:: Work order ::
From the line that holds "Конструктор LEGO Harry" down to the last line of the listing below, transcribe exactly and only those lines. Leave pictures out.

:: Collected material ::

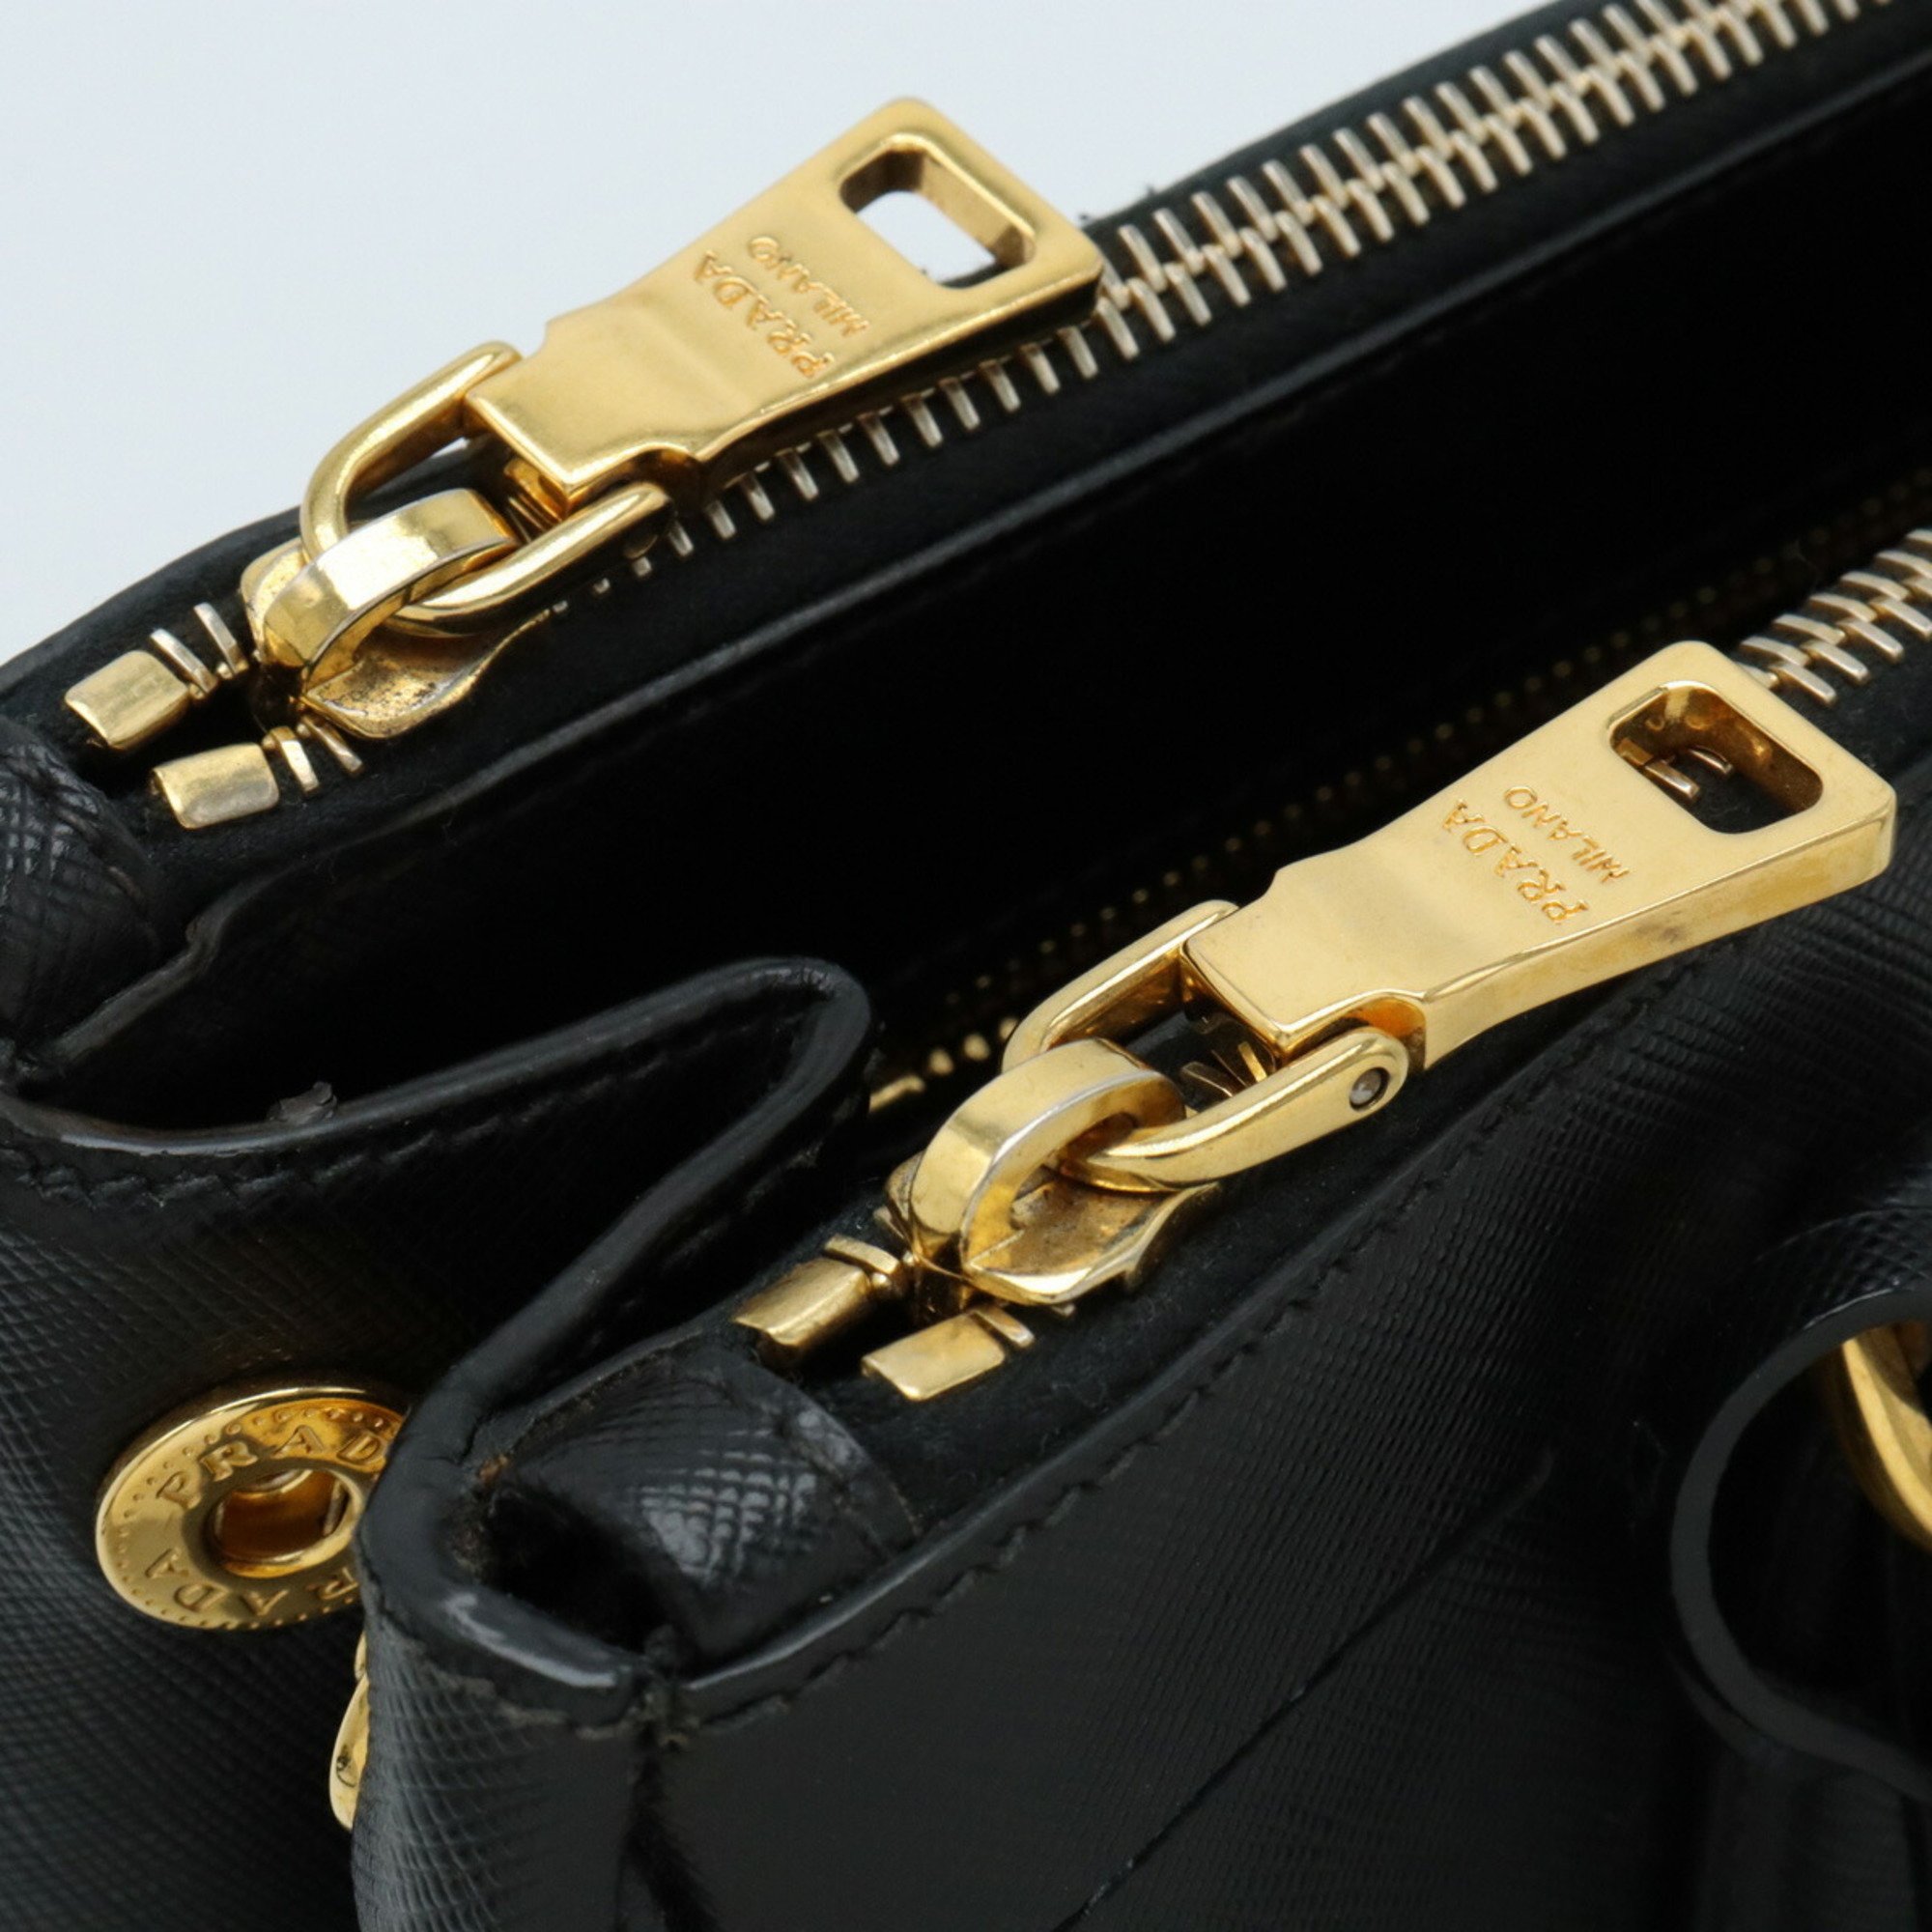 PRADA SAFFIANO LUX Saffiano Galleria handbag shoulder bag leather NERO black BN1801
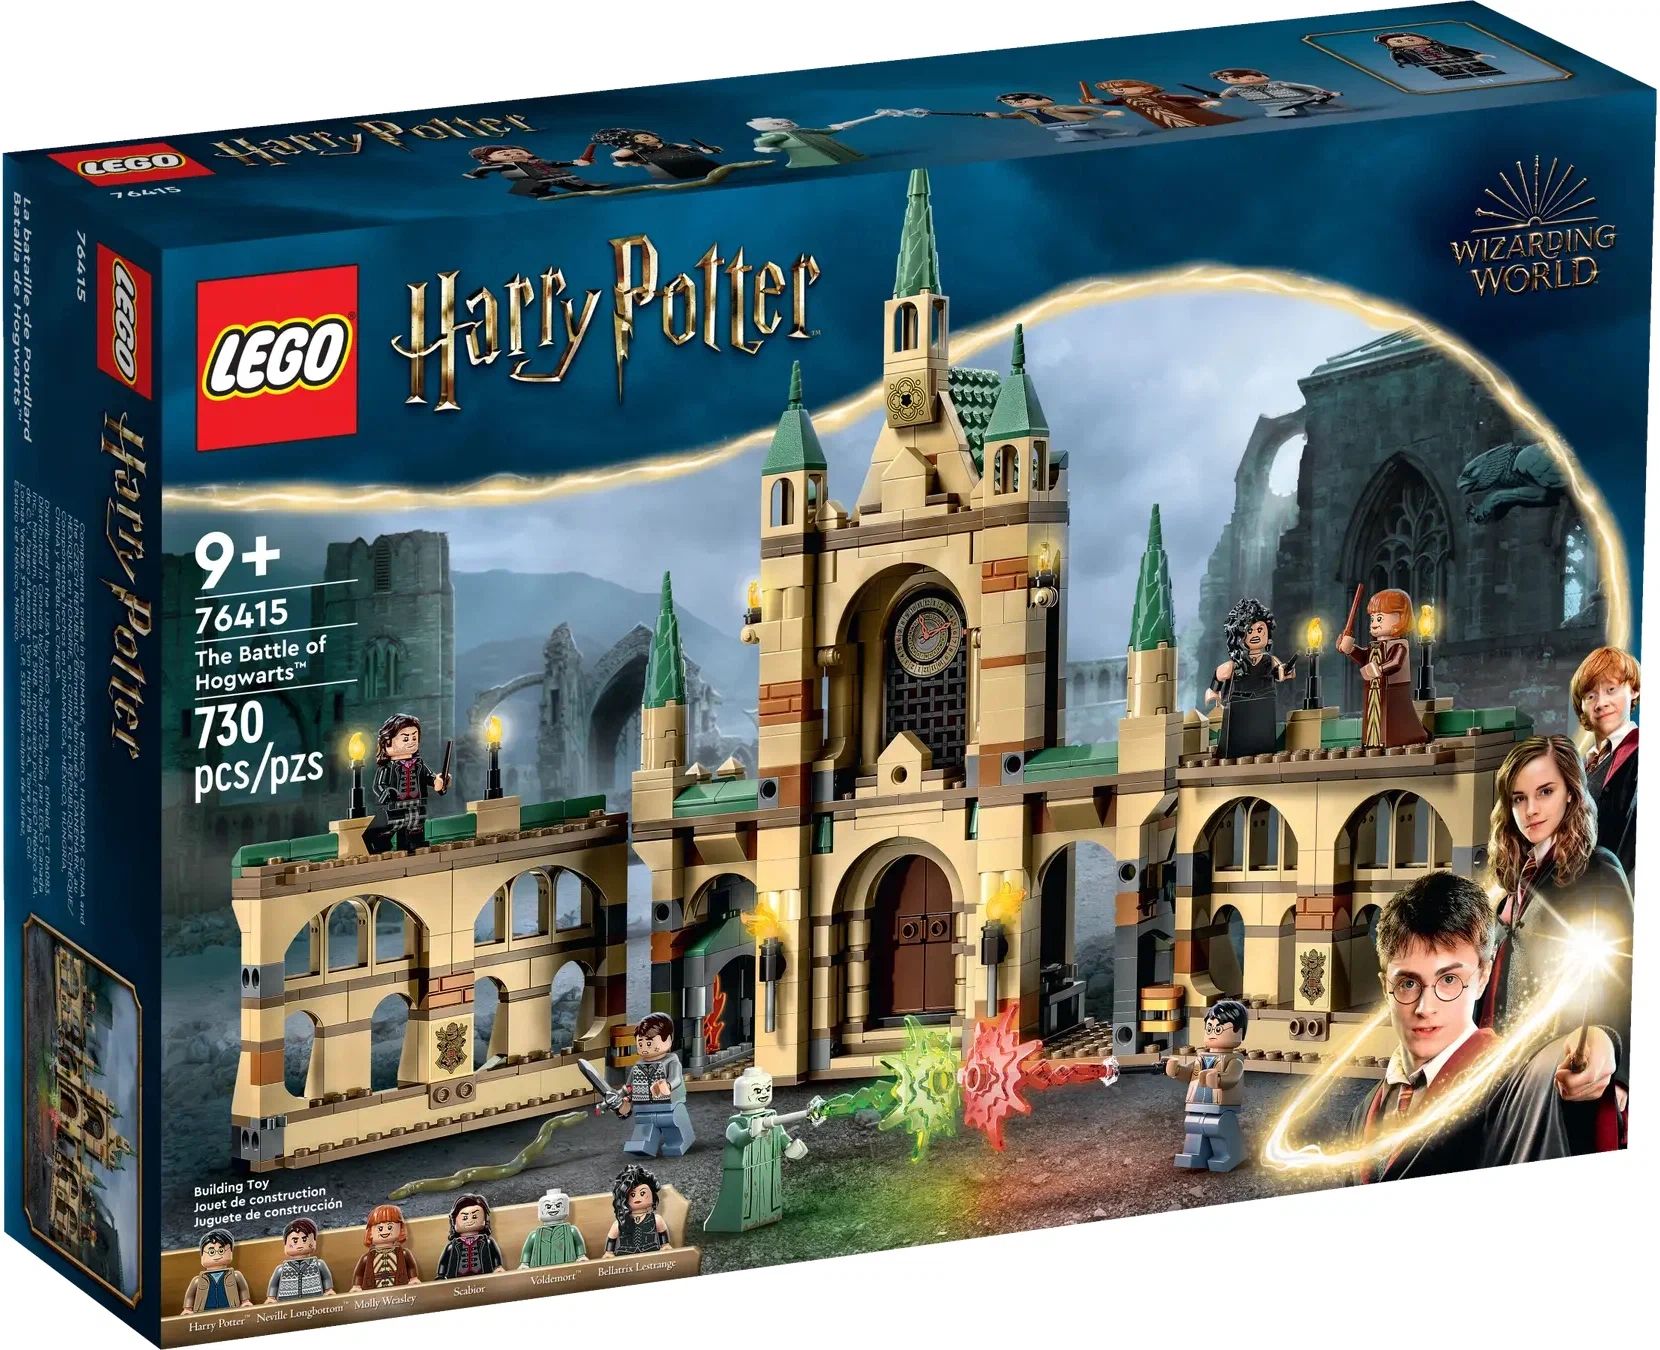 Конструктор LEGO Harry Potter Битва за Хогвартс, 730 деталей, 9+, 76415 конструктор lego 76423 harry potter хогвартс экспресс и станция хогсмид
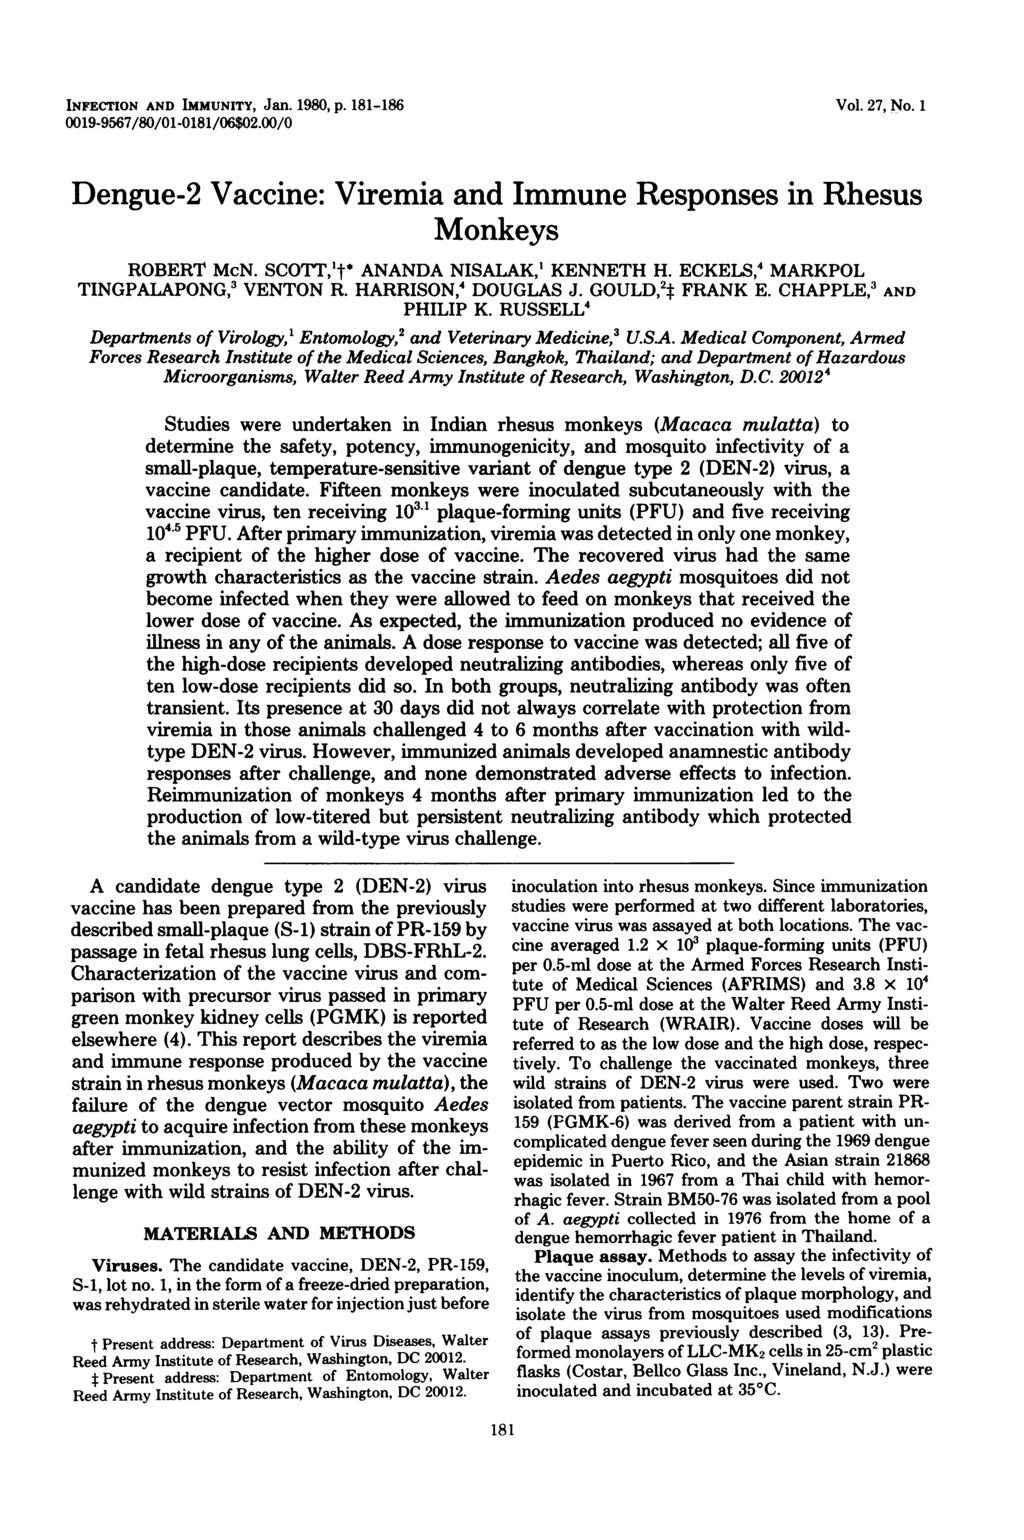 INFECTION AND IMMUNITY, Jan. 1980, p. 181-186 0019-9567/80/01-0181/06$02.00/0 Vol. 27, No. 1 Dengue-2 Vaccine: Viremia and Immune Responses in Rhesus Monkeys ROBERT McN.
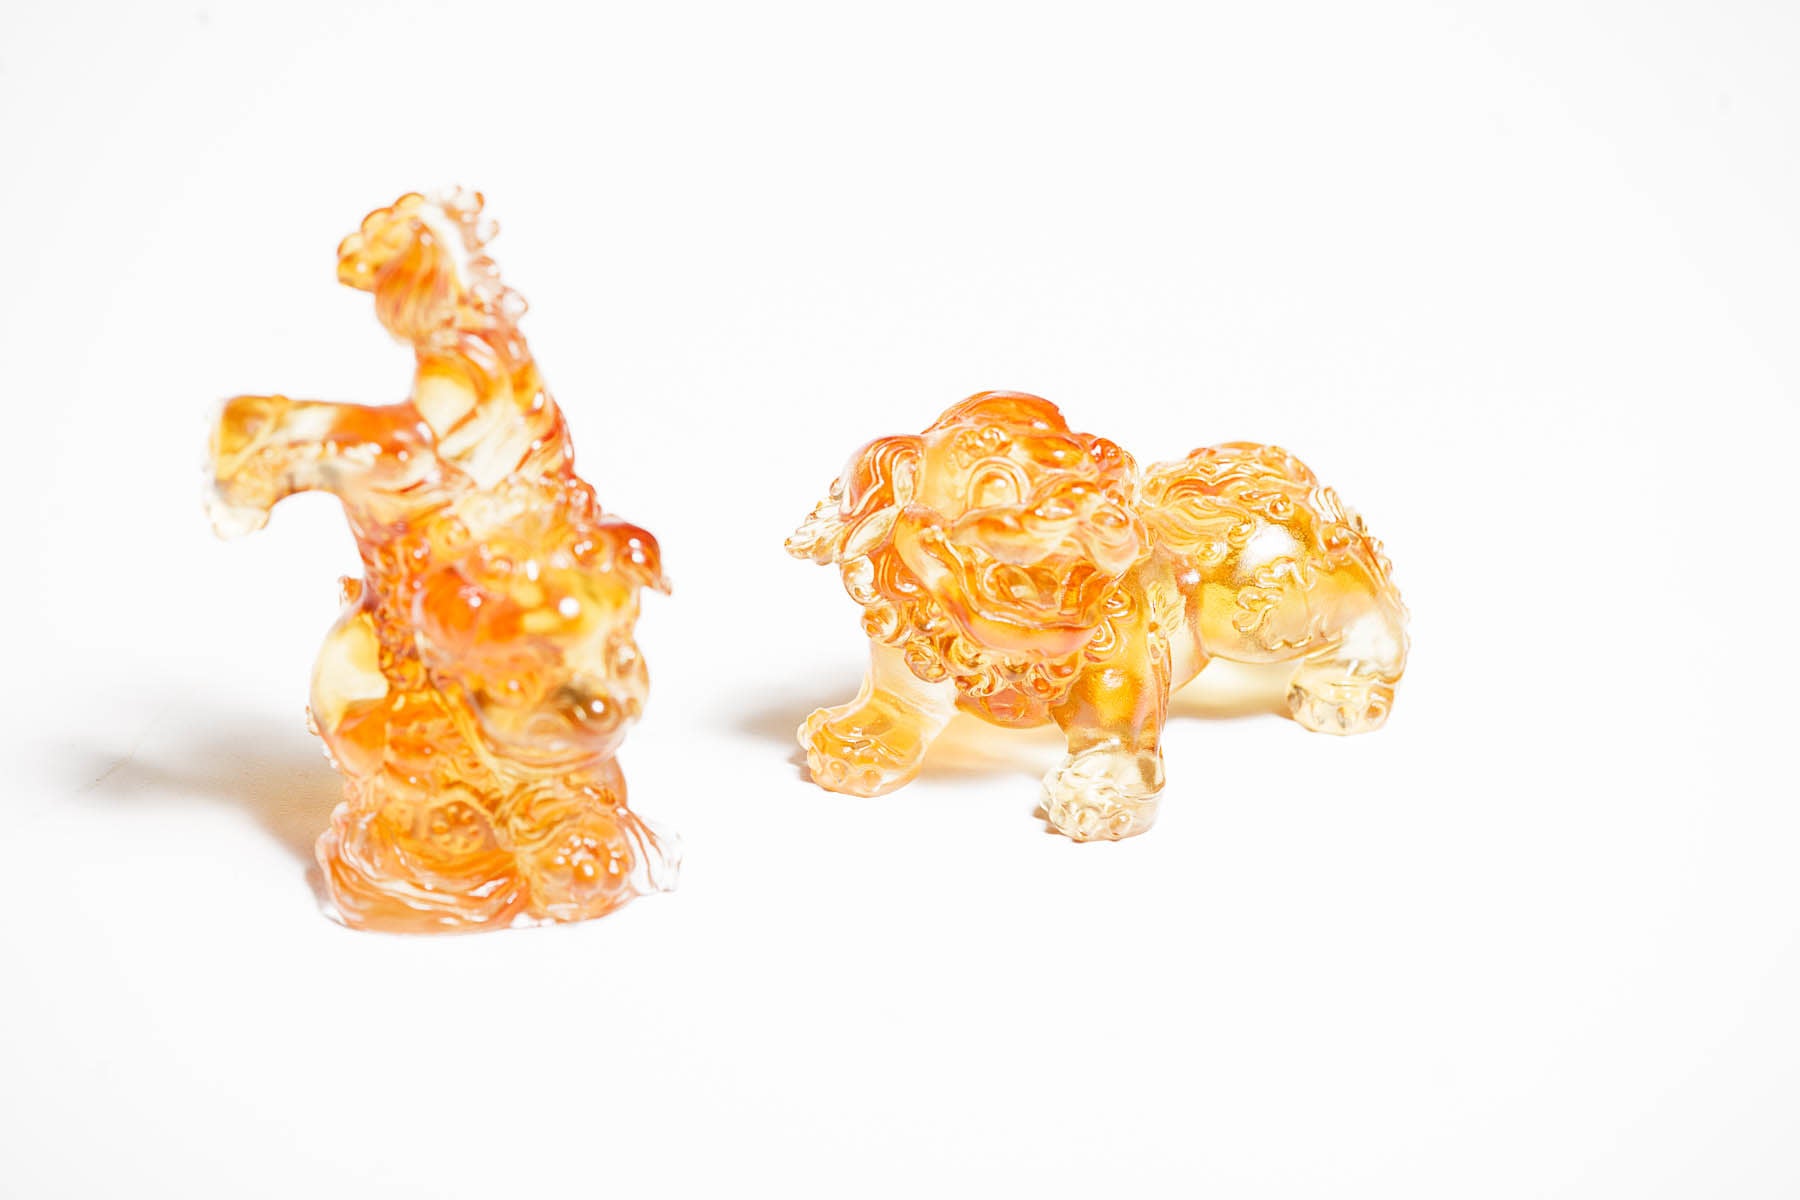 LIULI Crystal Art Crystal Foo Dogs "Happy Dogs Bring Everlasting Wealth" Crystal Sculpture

:: Output below ::
 Конструктор LEGO Harry Potter Битва за Хогвартс, 730 деталей, 9+, 76415 конструктор lego 76423 harry potter хогвартс экспресс и станция хогсмид
 INFECTION AND IMMUNITY, Jan. 1980, p. 181-186 0019-9567/80/01-0181/06$02.00/0 Vol. 27, No. 1 Dengue-2 Vaccine: Viremia and Immune Responses in Rhesus Monkeys ROBERT McN.
 LIULI Crystal Art Crystal Foo Dogs "Happy Dogs Bring Everlasting Wealth" Crystal Sculpture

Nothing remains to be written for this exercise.